AlexeyAB / darknet

YOLOv4 / Scaled-YOLOv4 / YOLO - Neural Networks for Object Detection (Windows and Linux version of Darknet )
http://pjreddie.com/darknet/
Other
21.75k stars 7.96k forks source link

The average loss is large even at iteration 13700 or above, why? #6113

Open huizhang2017 opened 4 years ago

huizhang2017 commented 4 years ago

Hi, everyone, I have a problem when I train my own data. Even I have trained for about 13708 iterations, the average loss is still about 30 to 40. When the iteration is about 2000, the average loss is at the same level, so it did not decrease after the iteration 2000, why? Is there anyone meet with the same problem?

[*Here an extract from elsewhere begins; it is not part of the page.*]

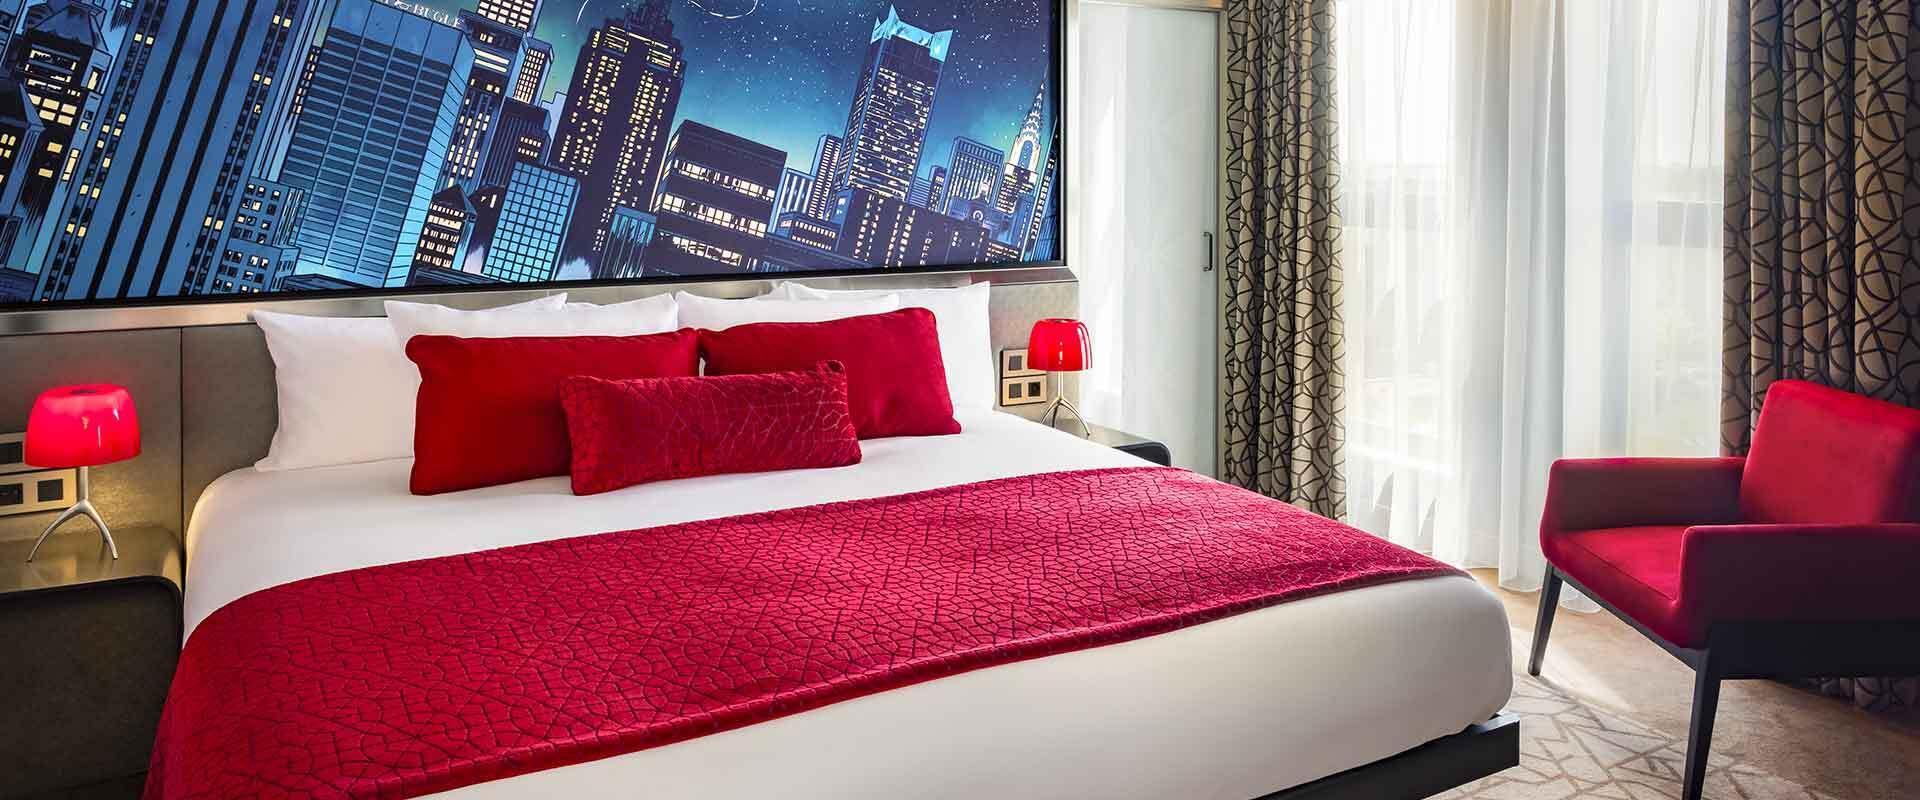 Club-Zimmer, Suiten und eine lounge im Tony Stark Stil

According to the training info outputed below, you will find the total loss is sometimes small , such as about 1.4, sometimes large such as 1484 or 3282, this is caused by the large class_loss or iou_loss. Could anyone explain this strange behavior during training? How should I fix it? Thanks.

I have another question: "13708: 39.763336, 37.974380 avg loss, 0.002000 rate, 25.004000 seconds, 1096640 images" There are two avg loss? The first avg loss(39.763336) is valid loss? The second avg loss (37.974380) is the training loss? Do I understand right?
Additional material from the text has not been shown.